Re: Process Migration on Linux - Impossible?

Michael K. Johnson (johnsonm@redhat.com)
Wed, 01 Oct 1997 11:13:53 -0400


Ketil Z Malde writes:
>lm@cobaltmicro.com (Larry McVoy) writes:
>> The answer is: you don't move the processes very often.
>
>Right. But that is very different from not moving it. The use I see
>for this, is to have a cluster in my basement that provides services,
>including CPU. Now, in order to provide high availability, it is
>necessary that processes can be migrated off a node being brought down
>for maintenance. Similar for network connections, etc.

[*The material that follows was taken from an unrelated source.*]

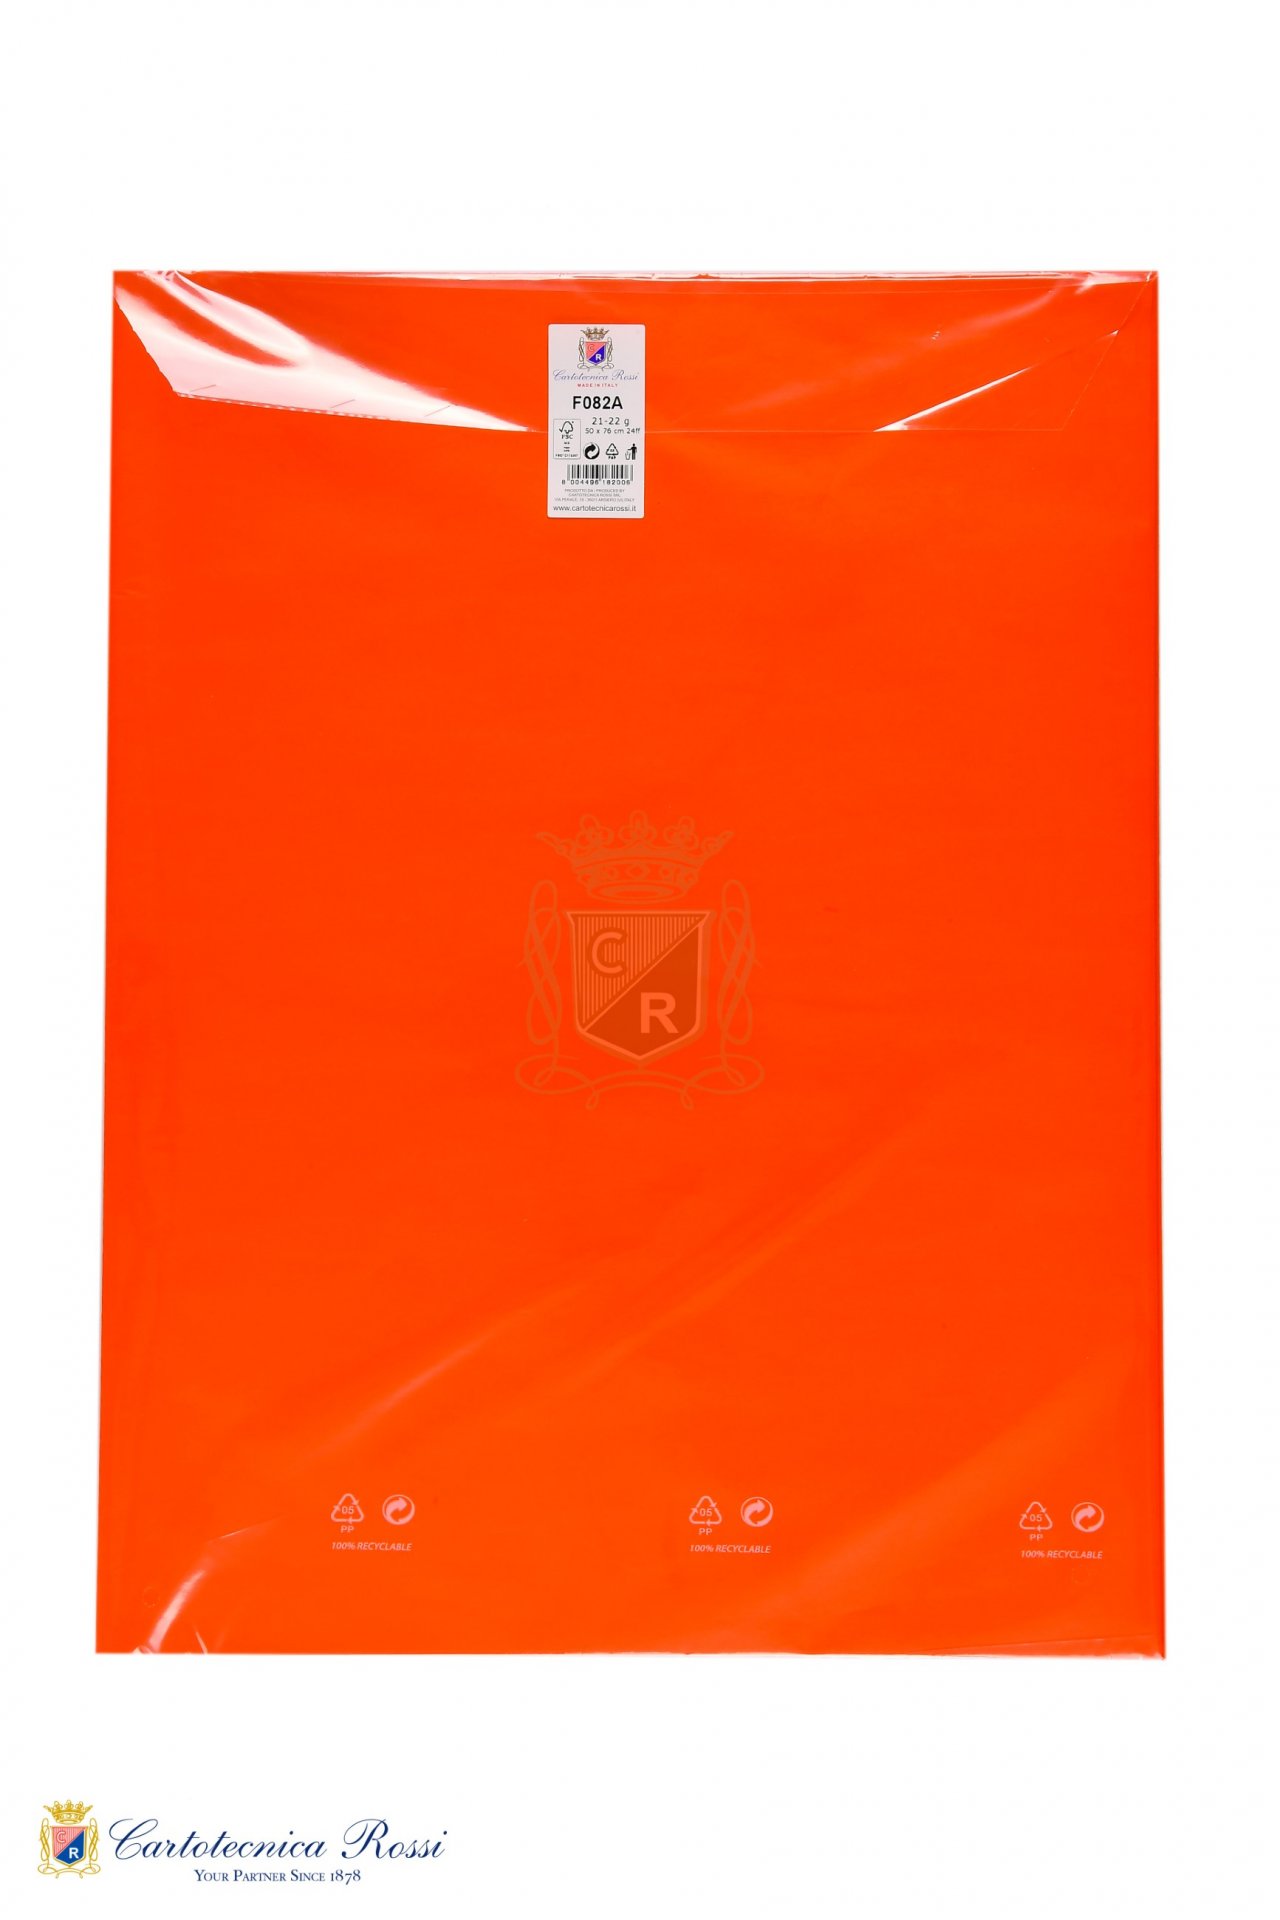 Veline Colorate 21g/m² in Blister da 24ff 50x76cm pieg. - Arancione

That's checkpoint-restart you want, not clustered process migration.
Note that the process migration that's been talked about here redirects
stateful system calls (file I/O, getpid(), etc.) to the originating
processor, and that won't survive a reboot of the originating processor
very well.

Condor already does checkpoint-restart within certain constraints.

It's very hard to do checkpoint-restart in the completely general case;
how do you maintain existing network connections when you transfer a
process to another CPU or reboot your system. There's a lot of state
to save...

>Most of this could be accomplished in user space, I'd think.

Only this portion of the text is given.